With regard to the “Electrolarnyx Throat Box,” Plaintiff states that he underwent thyroid
surgery that paralyzed his vocal chords, rendering him unable to speak properly. He states that
he filed several medical requests to be provided with an “Electrolarnyx Throat Box” to allow him
to speak, but said requests were denied because of costs. However, Plaintiff fails to identify with
whom he filed these requests, who denied the requests, and why Plaintiff believes it was due to
costs. Moreover, there is no indication that this is a serious medical need and that there is a need
for medical treatment, but a medical provider intentionally refuses to provide it, that a medical
provider delayed necessary medical treatment based on a non-medical reason, or a medical
provider prevented Plaintiff from receiving needed or recommended medical treatment. Rather,
it appears from the allegations that Plaintiff merely disagrees with the decision to deny his request
for the “throat box.” However, as stated above, mere disagreement with a medical decision is not
a constitutional violation.
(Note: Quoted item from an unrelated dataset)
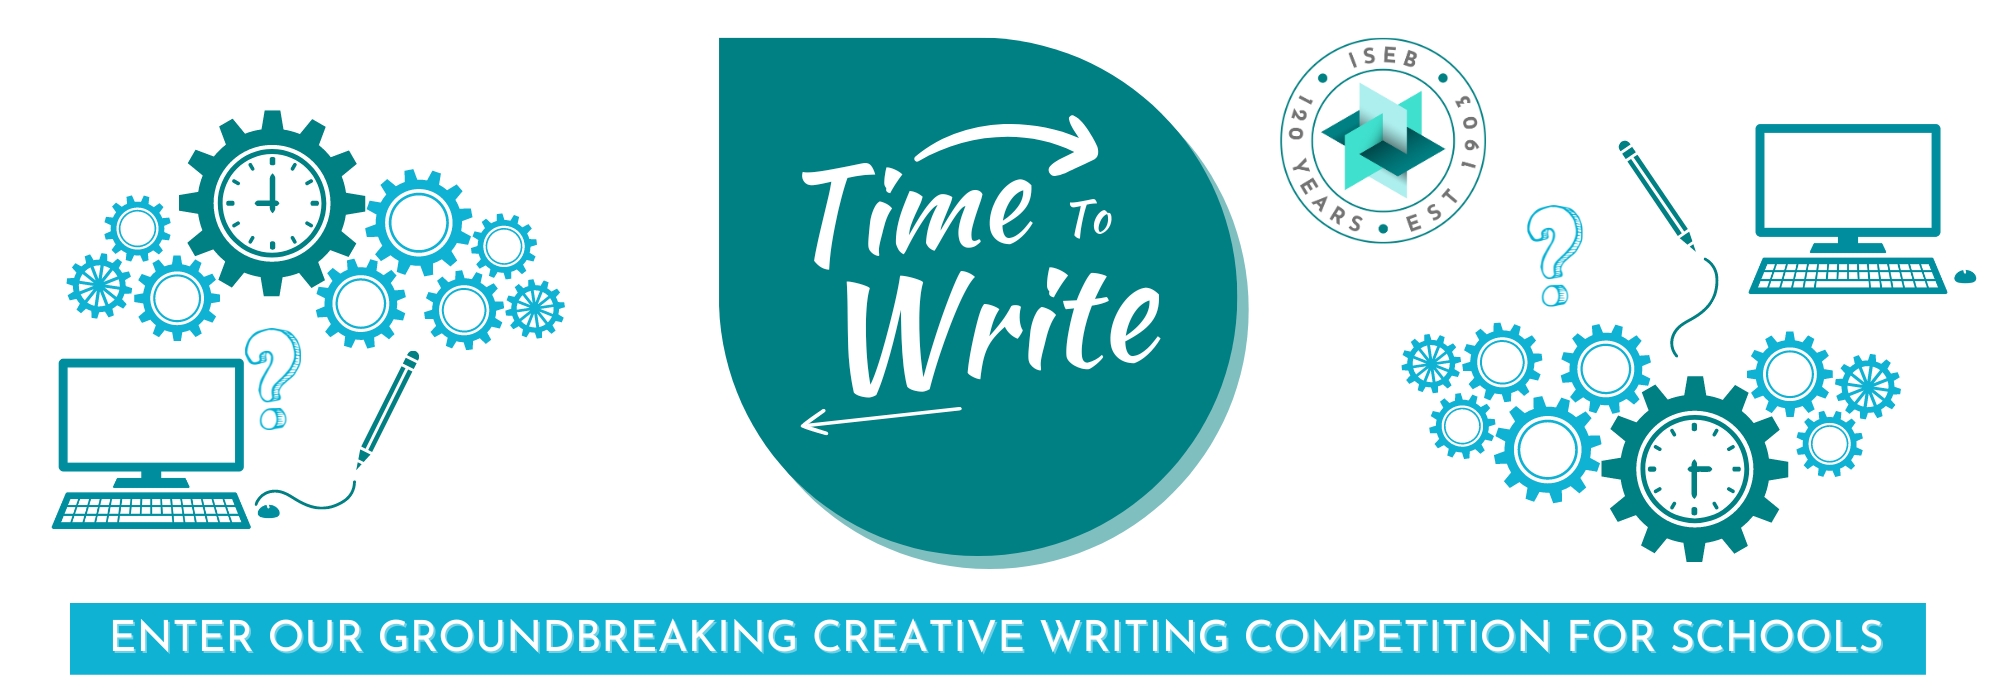 man up creative writing competition

See Spruill, 372 F.3d at 235. Given the lack of facts provided, this
claim will also be dismissed without prejudice pursuant to Iqbal.
Finally, with regard to Plaintiff’s claim that “Defendants have in place a system of
switching doctors, nurses and medical providers in an effort to avoid continuity and accountability
of medical treatment,” it is unclear against which defendants these allegations are made and to
what “system” he is referring. Plaintiff provides no further information. These bare allegations
are insufficient to state a claim under Iqbal.
7. For the reasons stated above, the Amended Complaint will be dismissed without
prejudice in its entirety for failure to state a claim upon which relief may be granted pursuant to
28 U.S.C. §§ 1915(e)(2)(B)(ii) and 1915A(b)(1). However, the Court will grant Plaintiff an
opportunity to file a second amended complaint which cures the deficiencies noted herein. 1 An
appropriate order follows.
Esther Salas, U.S.D.J.
Plaintiff should note that when an amended complaint is filed, the original complaint no longer
performs any function in the case and “cannot be utilized to cure defects in the amended
[complaint], unless the relevant portion is specifically incorporated in the new [complaint].” 6
Wright, Miller & Kane, Federal Practice and Procedure § 1476 (2d ed. 1990) (footnotes omitted).
An amended complaint may adopt some or all of the allegations in the original complaint, but the
identification of the particular allegations to be adopted must be clear and explicit. Id. To avoid
confusion, the safer course is to file an amended complaint that is complete in itself. Id.